Здесь, на высоте, было тихо и светло. Море казалось совсем зеленым, а пустыня — грязной; ветер поднял над ней пелену пыли. Впереди горизонт уже не был таким прозрачным; пыль поднималась все выше, но он все еще не терял из виду море. В картах Дэви разбирался. Это было несложно. Он знал, где лежит их карта, вытащил ее из сумки на дверце и задумался о том, что он будет делать, когда подлетит к Суэцу. Но, в общем, он знал даже и это. От Суэца вела дорога в Каир, она шла на запад через пустыню. Лететь на запад будет легче. Дорогу нетрудно разглядеть, а Суэц он узнает потому, что там кончается море и начинается канал. Там надо повернуть влево.
Он боялся отца. Правда, не сейчас. Сейчас он просто не мог на него смотреть: тот спал с открытым ртом, полуголый, весь залитый кровью. Он не хотел, чтобы отец умер; он не хотел, чтобы умерла мать, но ничего не поделаешь: это бывает. Люди всегда умирают.
Ему не нравилось, что самолет летит так высоко. От этого замирало сердце, да и самолет шел слишком медленно. Но Дэви боялся снизиться и снова попасть в ветер, когда дойдет до посадки. Он не знал, как ему быть. Нет, ему не хотелось снижаться в такой ветер, не хотелось, чтобы самолет опять болтало во все стороны! Самолет не будет тогда его слушаться. Он не сможет вести его по прямой и выровнять у земли.

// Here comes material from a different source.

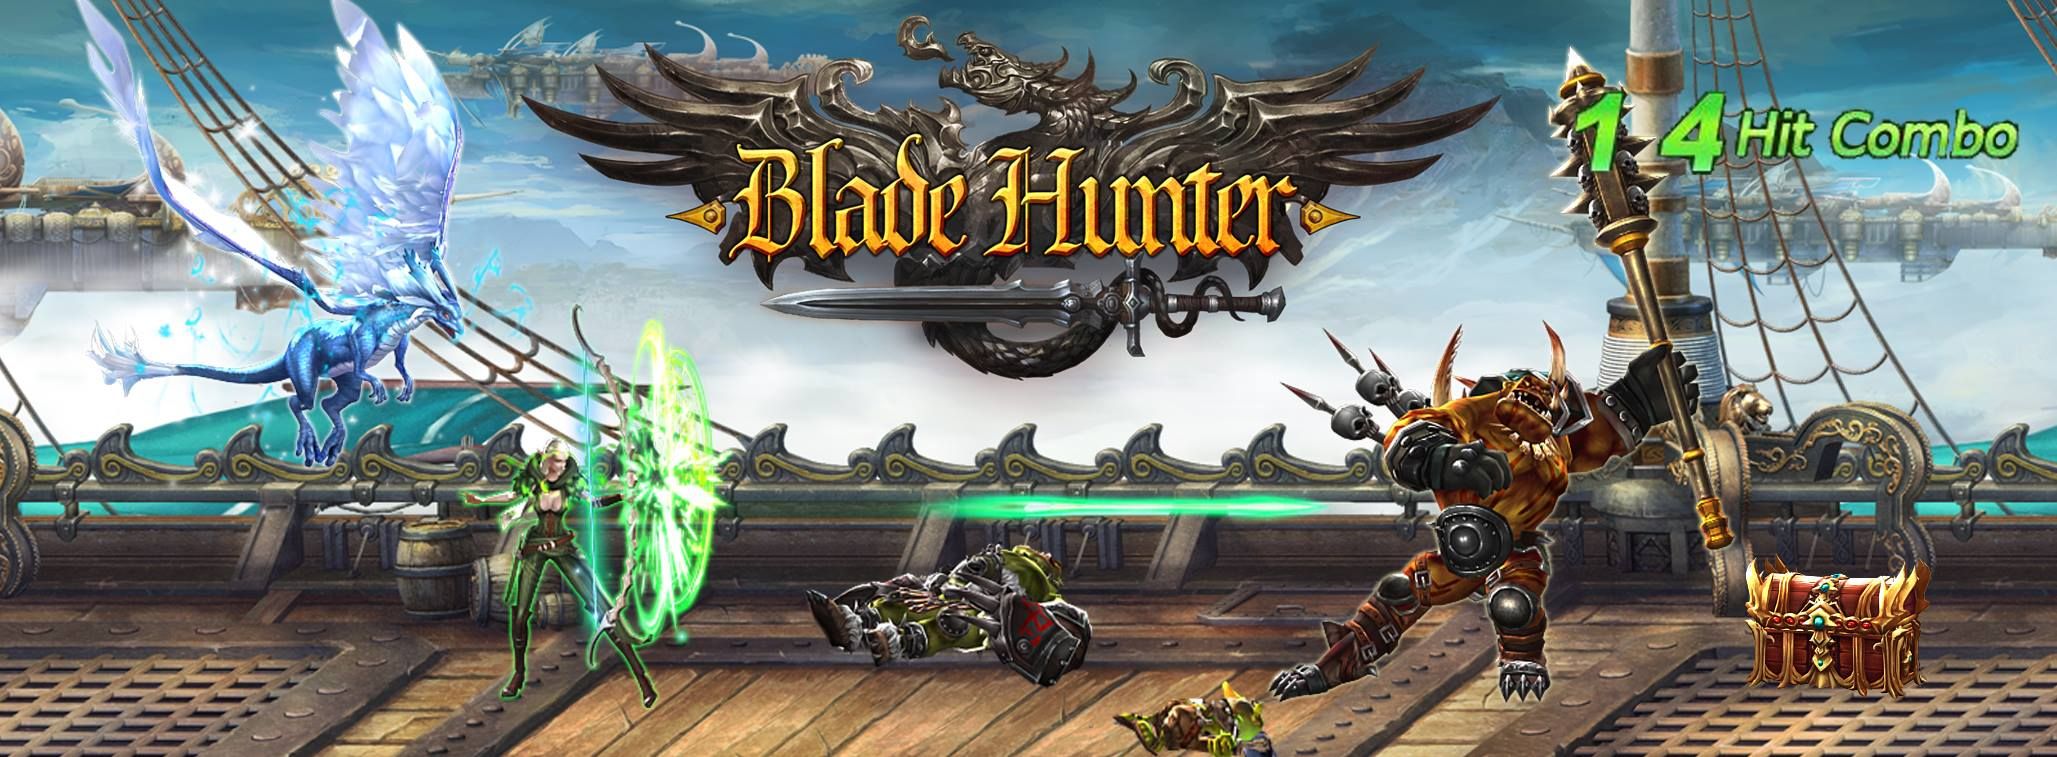 blade-hunter-action-browser-mo-games-screenshot-1.jpg

Может быть, отец уже умер? Он оглянулся и увидел, что тот дышит порывисто и редко. Слезы, которые, как думал Дэви, все уже высохли, снова наполнили его темные глаза, и он почувствовал, как они текут по щекам. Слизнув их языком, он стал следить за морем.
Бену казалось, что от толчков его тело пронзают и разрывают на части ледяные стрелы; во рту пересохло, он медленно приходил в себя. Взглянув вверх, он увидел пыль, а над ней тусклое небо.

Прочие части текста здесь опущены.